Nous espérons bien sur pouvoir équiper un nombre important de fabricants d’imprimantes 3D, mais nous ne nous arrêtons pas là. Notre électronique qui pour l’instant est utilisée sur des machines FDM est aussi compatible SLA. De plus nous travaillons sur d’autres projets R&D pour différents clients, donc nous essayons de nous développer dans plusieurs domaines de l’impression 3D.

Les limites de notre système ? Pour l’instant l’électronique pousse plutôt les éléments mécaniques à leur maximum donc une nouvelle approche de l’impression FDM sera nécessaire à terme. Nous devons aussi améliorer les filaments utilisés, qui ne sont pas totalement adaptés à la vitesse, et enfin, nous devons en permanence améliorer nos algorithmes pour offrir une qualité d’impression toujours meilleure.

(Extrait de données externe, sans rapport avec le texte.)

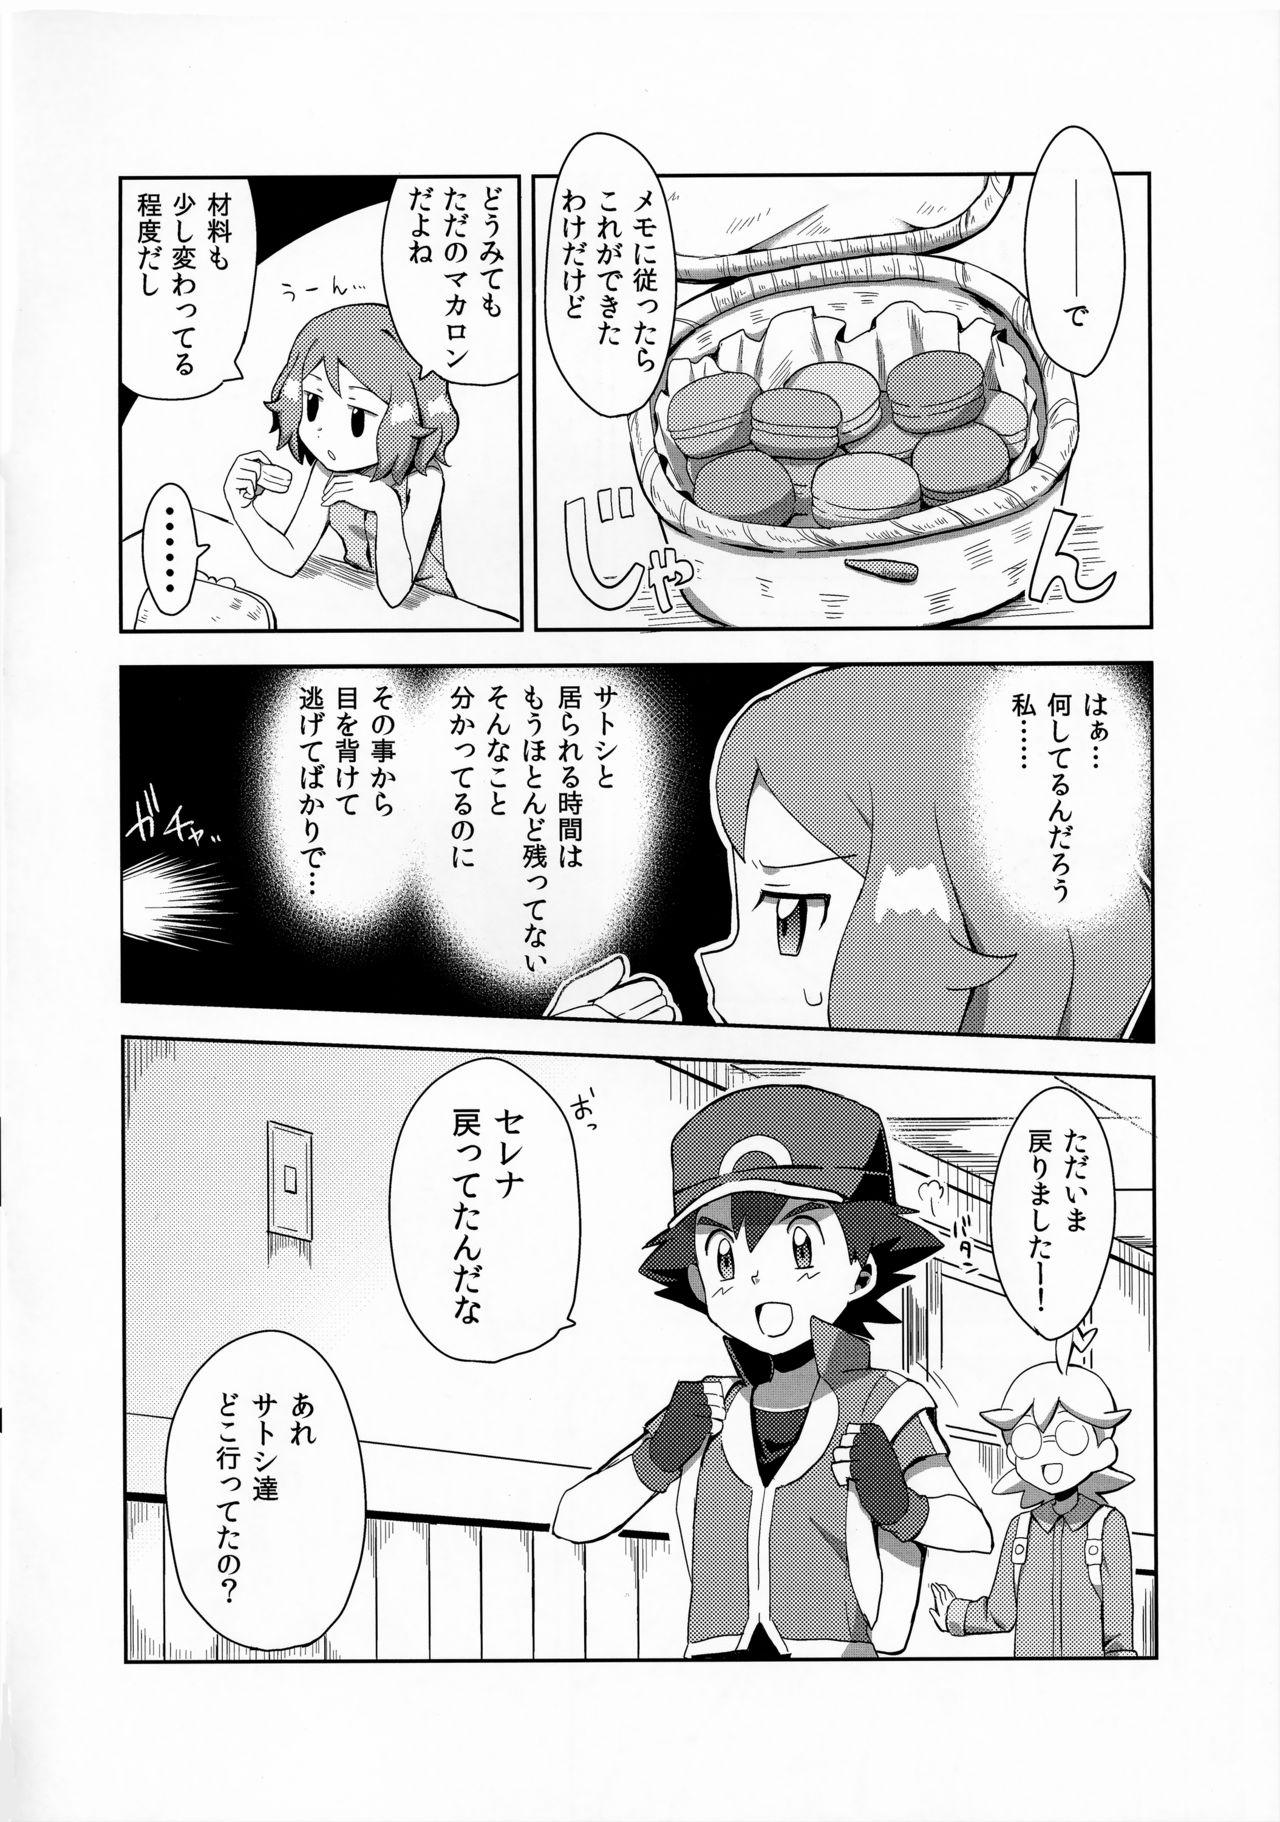 Rub Macaron no Oaji wa!? - Pokemon Transex - Page 5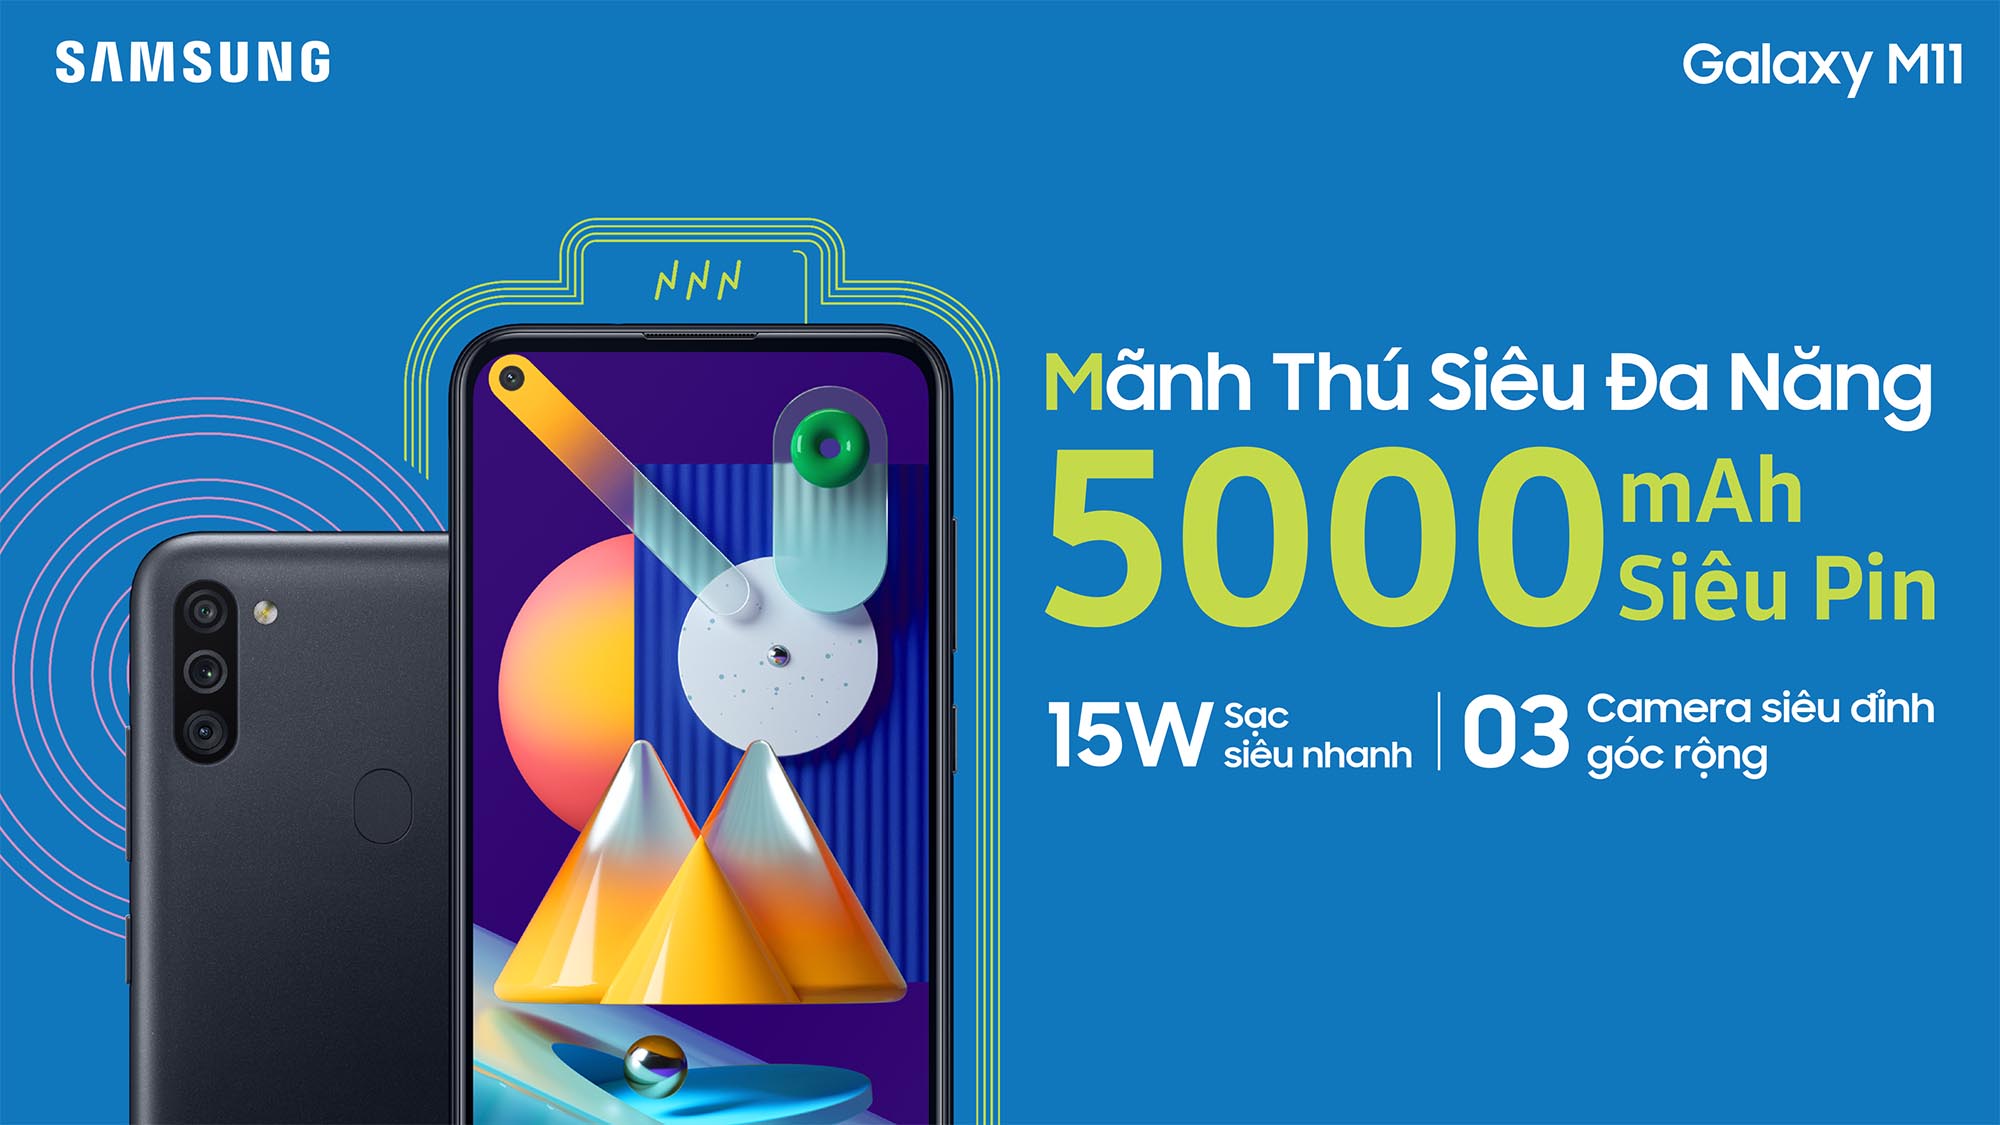 Samsung ra mắt Galaxy M11 tại Việt Nam: Pin khủng, 3 camera, giá 3,690,000 VND

prototype imprimante 3D Platon

Imprimante prototype Platon

Pourriez-vous nous parler de Platon, votre imprimante 3D prototype ? Sera-t-elle un jour commercialisée ?

Ce n’est pas en projet pour l’instant mais peut le devenir rapidement à la demande d’un client. Pour l’instant nous nous en servons essentiellement comme support de développement et tester les limites de notre électronique et logiciel.

En 2013, Create it Real avait mis au point un programme qui permettait de détecter les fichiers 3D liés aux armes et de des bloquer. Pouvez-vous nous en expliquer le fonctionnement ?  Quelles sont vos ambitions avec ce logiciel ?

Oui effectivement, le système fonctionne comme un antivirus car basé sur une base de donnée d’objets reconnus dangereux, le programme permet de reconnaitre l’empreinte digitale de ces objets. L’ambition à l’époque était surtout de répondre à un besoin des fabricants de se déresponsabiliser par rapport à une éventuelle impression d’arme à feux sur leur machines en avertissant du danger et d’offrir aux utilisateurs une possibilité de verrouillage ou de contrôle parentale pour des objets potentiellement dangereux.

Dans le vaste écosystème de l’impression 3D, avez-vous d’autres projets ou développements en cours ?

En tant que laboratoire R&D, oui nous avons toujours des projets en cours qui feront avancer le monde de l’impression 3D. Notre équipe y travaille chaque jour, et j’espère pouvoir vous en parler plus en détail l’année prochaine ;-)

Tous mes remerciements à Jeremie pour sa participation à cette interview. Ci-dessous une vidéo comparative avec le modèle One Evo équipé de la puce et la One exempt de celle-ci.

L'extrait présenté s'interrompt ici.